1.2.3.2.2 Shape from Motion

Shape from motion is one of the approaches which gained attention by the computer vision scientists

during the last decades. Motion can be used as another dimension which is time in computer vision

and a great deal of information can be recovered from images over time. In order to recover the shape,

we can use the movement of the camera relative to the static scene in the same way as using multiple

camera positions. The moving camera captures a succession of images over time that span a baseline

similar to stereo images. Therefore it is possible to obtain depth information of the object by tracking

object features in multiple images. However we should know the velocities of the camera and the

moving shape in the scene. Shape from motion is a technique to recover a set of 3D structure

parameters and time varying motion parameters from a set of image features. This method computes

the structure from a set of matched points and the performance is significantly improved by using least

squares approach. Numerous shape from motion algorithms have been developed. [JEBARA, 1999],

[TOMASI, 1992], [SZELISKI-III, 1994]. They are two main variants, shape from motion with

calibrated and uncalibrated cameras. In general the scene is captured at video rates therefore the

disparities are smaller. In video sequences points are tracked automatically and the matches are

validated. Both points and lines can be used for reconstruction. Although the quality of structure and

motion is reasonable, the metric accuracy is weak and it needs good feature trackers.

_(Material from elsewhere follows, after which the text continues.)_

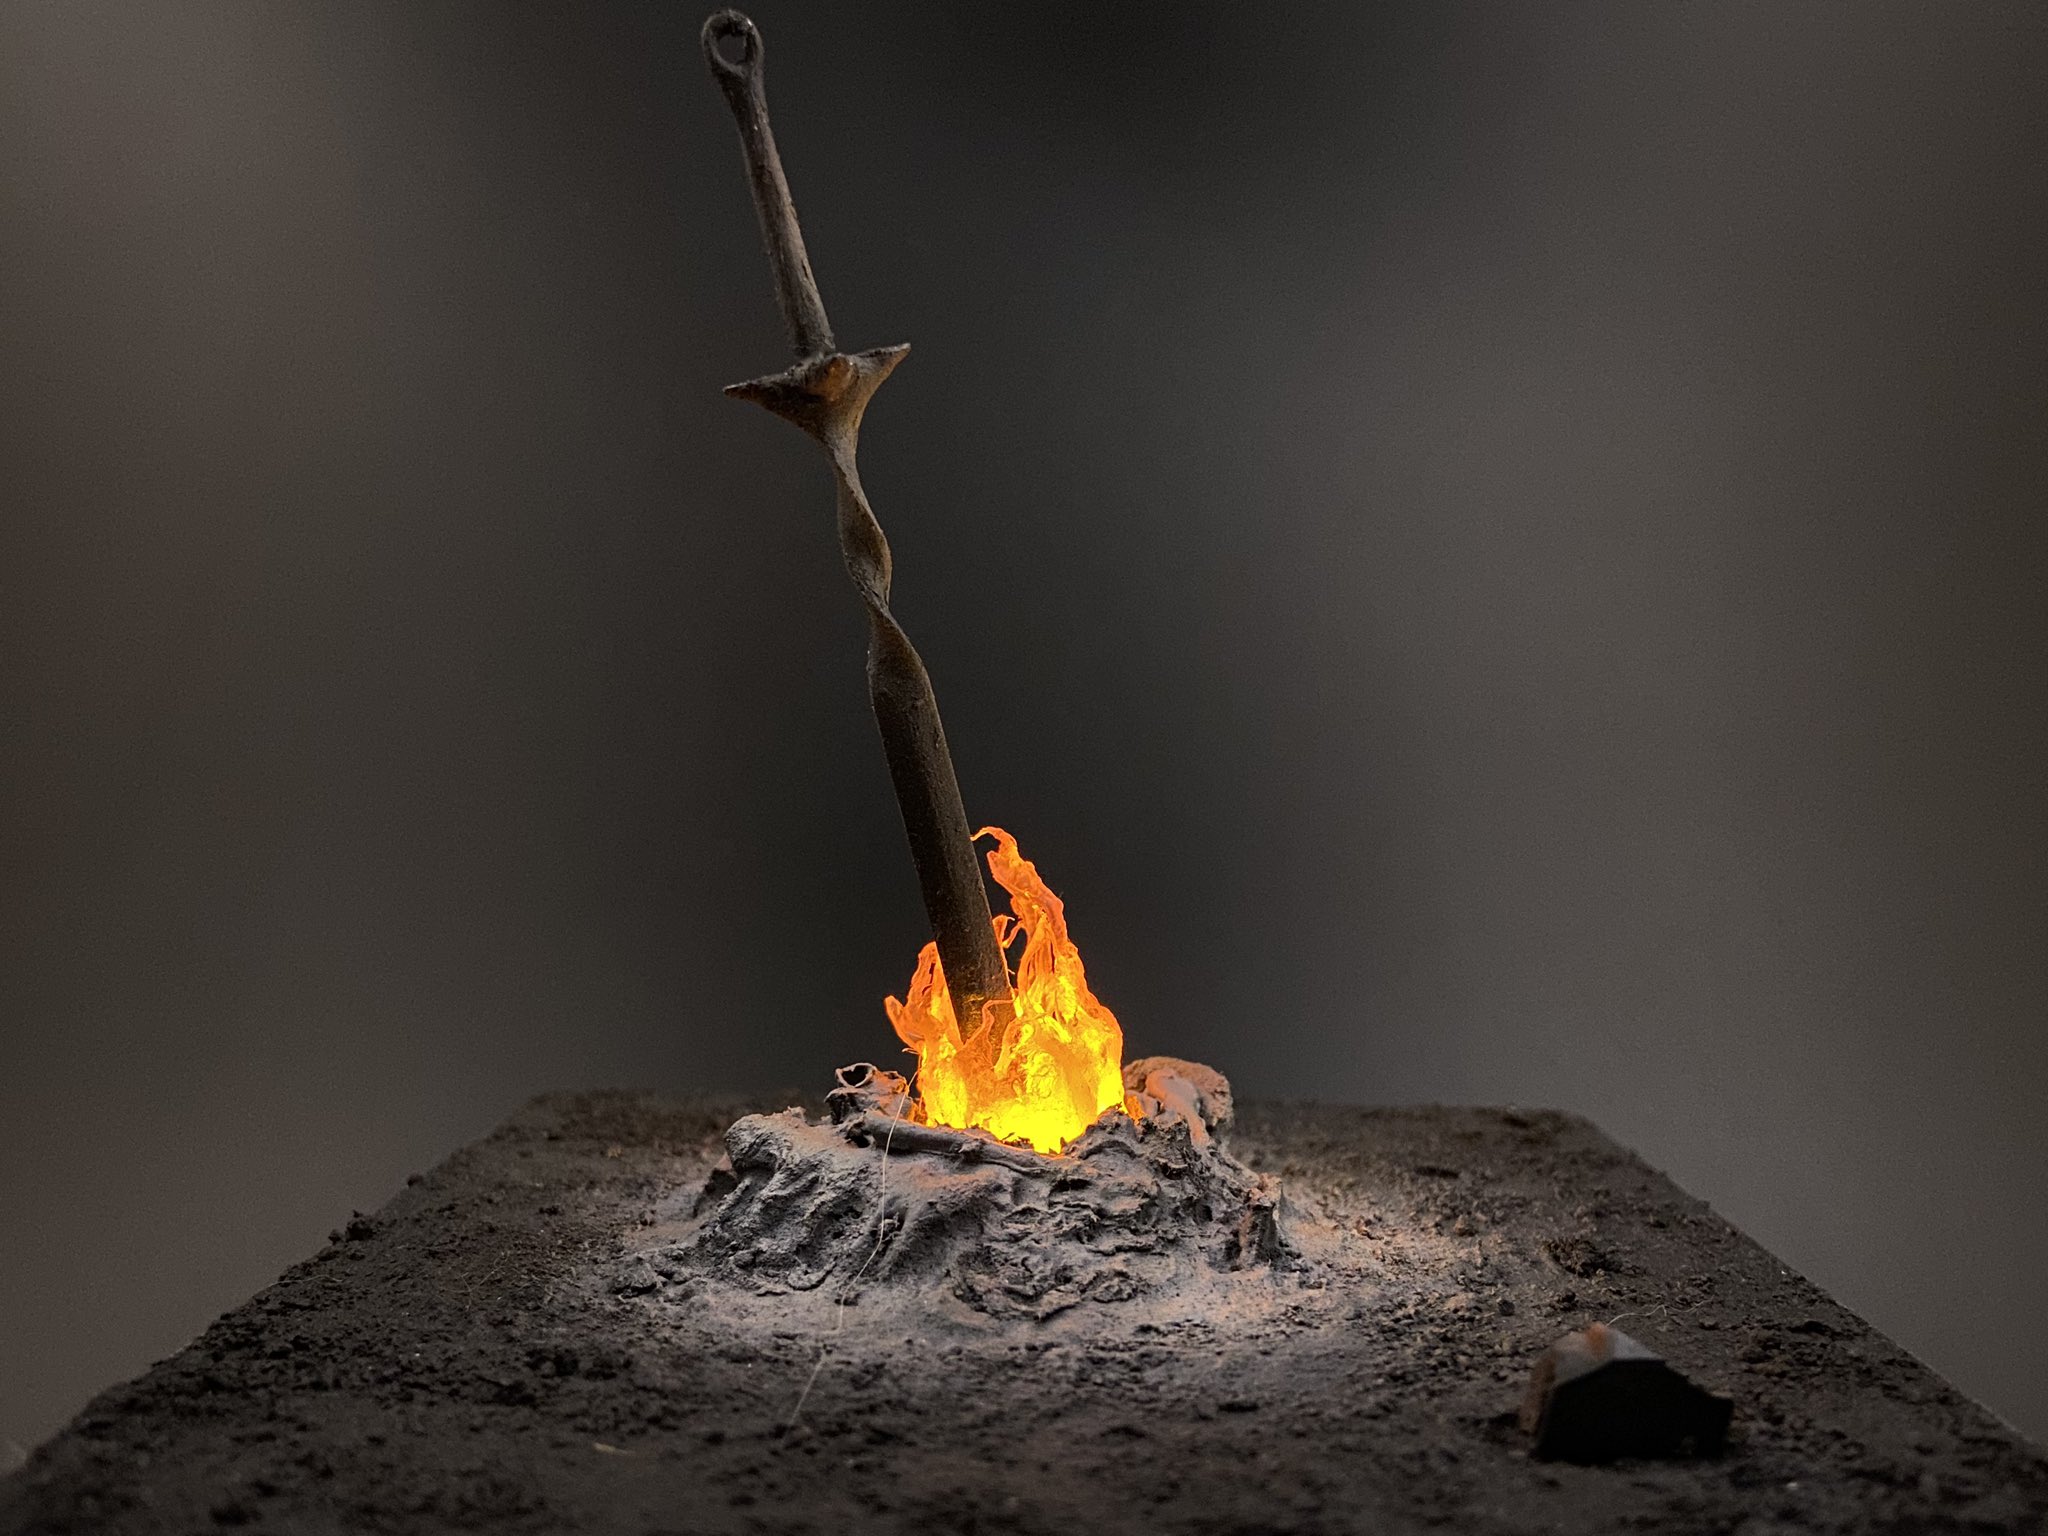 ピコ 珍しくちゃんと写真撮ったのでアップさせて頂きます ダークソウルから 篝火 完成です ロウソクledを4個仕込んだので炎がゆらゆら揺らぎます ダクソ 篝火

1.3 Image-Based Modeling and Rendering

Generating images of a scene for new viewpoints which can convince the observer that they look

photorealistic compared to input images is an important aspect and the basic goal of computer vision.

Since real images are being used to model and render the scene therefore photorealistic as a result,

computer vision is especially interested in image-based modeling and rendering (IBMR). The main

goal of IBMR is to create new views of real environments from a set of its images or of its 3D model

and achieve faster and more realistic renderings. With the recent advances in computer vision

algorithms in recent years, image-based modeling and rendering has become an alternative to classical

computer graphics.

In traditional computer graphics the 3D model of the scene is constructed at first, and then an image of

the scene is created by projecting this 3D model onto an image plane using the geometry and camera

model and determining the color of image pixels and lighting. This is 3D to 2D transformation. The

constructed model includes the geometry of the scene which consists of polygon patches and the

surface properties such as reflectance, color or opacity. The realism can be increased using wire frame

models, shadow calculation techniques and the realistic renderings can be achieved by tracing the

paths that light might take. However, it is hard to model some objects with classical computer graphics

techniques such as complicated objects with detailed concave surfaces or fuzzy surfaces with difficult

reflectance characteristics. It is because the tools of creating complex models are labor intensive and

requires a great deal of talent and when images are rendered complex computations are carried out. In

other words, in our world there is an imperfection and we still cannot model these imperfections and

real world effects correctly. However, images give us great amount of information about the real

world objects since detailed real world affects are captured with images. Moreover taking images is

easy, besides it is much more photorealistic.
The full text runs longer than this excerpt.